Портрет Невидимого - [22]
Во вьетнамском ресторанчике или другом подобном заведении Фолькер обычно говорил, а я слушал. Но о прошлом он рассказывал очень редко. Все же я знаю, что в самый горячий период студенческих волнений 1968-го года моего друга выбрали делегатом от отделения германистики.
— Тогда многое начиналось. В то время мы, по существу, заново создали Федеративную республику. После демократии, навязанной нам союзниками, наконец пришла та демократия, которую поддерживали и практиковали мы сами. Мы были по горло сыты любезностями Людвига Эрхардта, нас тошнило от самодовольной улыбки Курта-Георга Кизингера.[121] Мы от души желали Францу Йозефу Штраусу, который так радовался атомной бомбе, чтобы он, подобно пилоту в «Докторе Стрейнджлав» Стенли Кубрика, сам, оседлав ее, взлетел в воздух.[122] Шпрингеровская пресса делала все от нее зависящее, чтобы вмонтировать западным немцам фельдфебельские мозги. На Шеллингштрассе[123] мы воспрепятствовали распространению газеты «Билд». В этом участвовали все, кого ты знаешь сегодня…
— И Алиса Шварцер?[124]
— Она тем временем освобождала женщин в Кёльне. В каждом городе шла своя маленькая война. Во Франкфурте спекулянты хотели поэтапно снести старые дома района Вестенде. Полиция не понимала, что протестующие молодые люди просто почувствовали себя гражданами. Пожилые чиновники в нашей стране в свое время еще пели, будучи гитлерюгендовцами: Сегодня нас слышит Германия, а завтра услышит весь мир. И мы вдруг поняли, что не хотим повиноваться людям с сомнительным прошлым. Ведь многие наши тогдашние профессора прежде без всяких угрызений совести преподавали расоведение, комментировали нюрнбергские законы, исключали из немецкой литературы Рильке и Брехта. Когда в Геркулесовом зале[125] исполняют музыку Шёнберга, ты и сейчас иногда слышишь голоса из публики: «Дегенеративное искусство!»; «Запретить бы исполнение подобных вещей!»; «Нам не хватает сильной руки!». Весь этот бред нужно было вымести из голов… Конечно, Мартин Лютер Кинг был для нас важной фигурой, с его речью о братском мире I have a dream…[126] Кеннеди, молодой и полный оптимизма, — тоже. Когда пришло сообщение о его убийстве, люди на Одеонсплац[127] с плачем обнимали друг друга. И тем не менее мы создавали новое, были открыты для нового. Надо отважиться на большую демократию.[128] С Вилли Брандтом все сразу почувствовали себя раскованнее.

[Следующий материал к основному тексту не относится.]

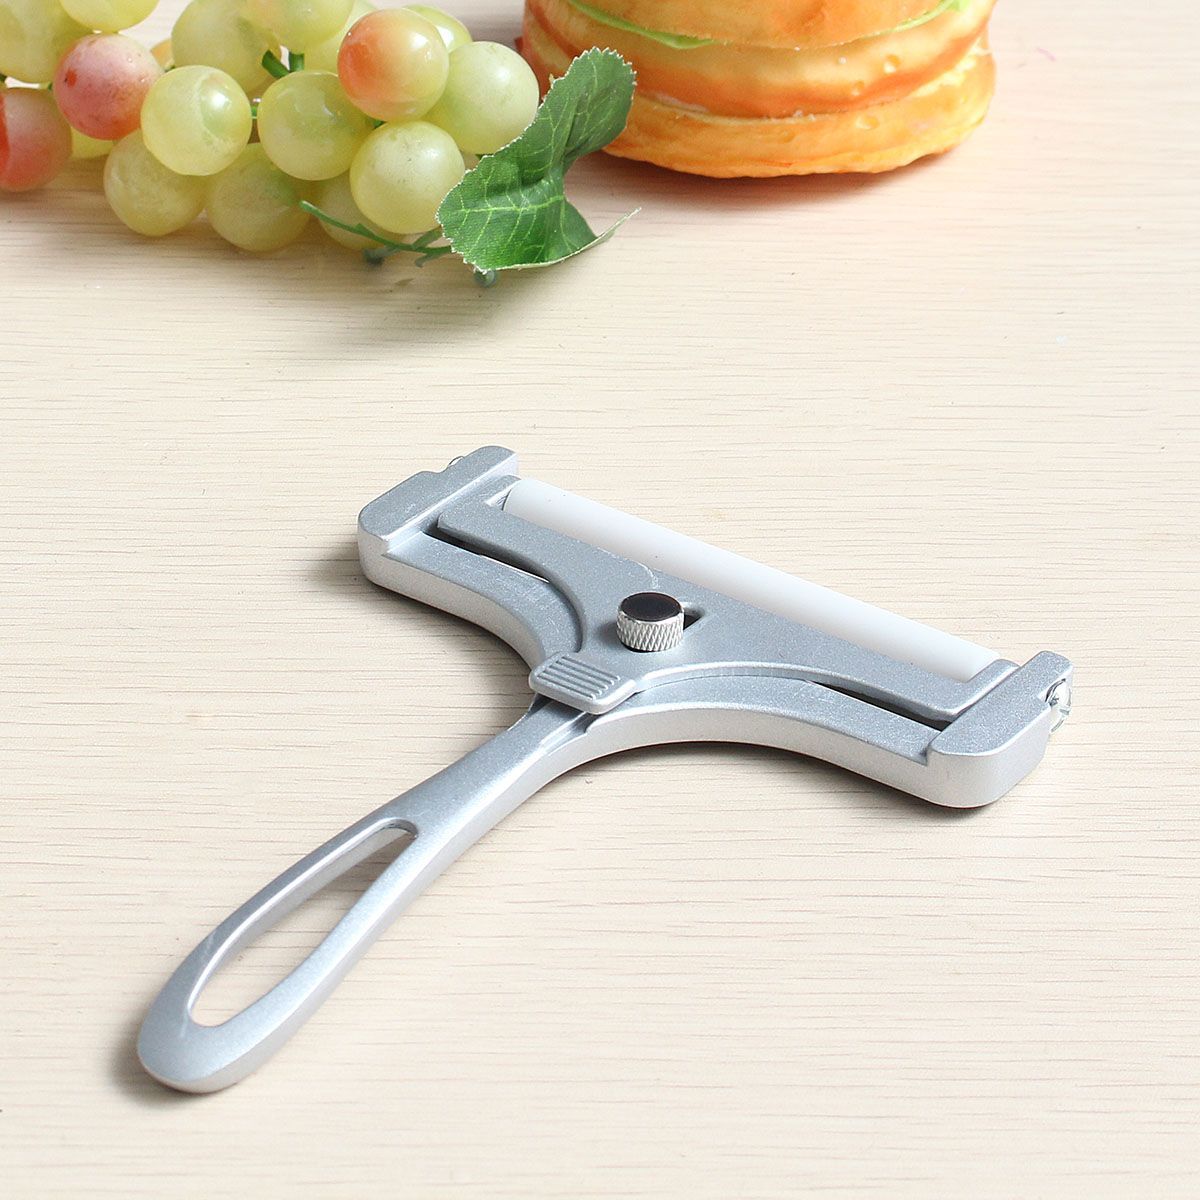 Adjustable-Stainless-Steel-Cutting-Cutter-Wire-Cheese-Slicer-1272251

Я охотно слушал его восторженные рассказы о переломе. Поколение Фолькера завоевало те свободы и послабления, которыми пользовался я, тогдашний подросток. Даже мы, старшеклассники гимназии в Люнебургской пустоши, заразившись духом времени, избрали школьный парламент, добились, чтобы администрация выделила уголок для курильщиков и бунтовали против старого учителя географии, в прошлом эсесовца, который ставил свою губительную «семерку», если какой-то ученик относил Судетскую область к Чехословакии, а Эльзас — к Франции. Правда, во время школьных походов д-р Толле всегда держался по-товарищески, он был превосходный шарфюрер: «Ханс, возьми мое яблоко».
Может быть, тоска по иному есть самая одухотворенная форма действительности, самое значимое воплощение жизни. Сейчас мне это видится так: человек живет на земле поэтически. Эту запись я нашел в дневнике двадцативосьмилетнего делегата от отделения германистики. Будучи выборным представителем студентов, Фолькер в 1967-м вращал ручку гектографа, печатая листовки, призывающие к бойкоту определенных профессоров. Он руководил дискуссиями на темы «Политизация эстетики» и «Вся власть — фантазии, или Как нам изобрести самих себя». В одном месте на Файличплац, которое он мне несколько раз с гордостью показывал, Фолькер однажды попал под водометы полиции. Во время беспорядков на Леопольдштрассе он наблюдал, как не участвовавших в демонстрации любопытных, которые внезапно обратились в бегство, полицейские выводили, в наручниках, из кафе и магазинов и заталкивали в «зеленые Минны».[129]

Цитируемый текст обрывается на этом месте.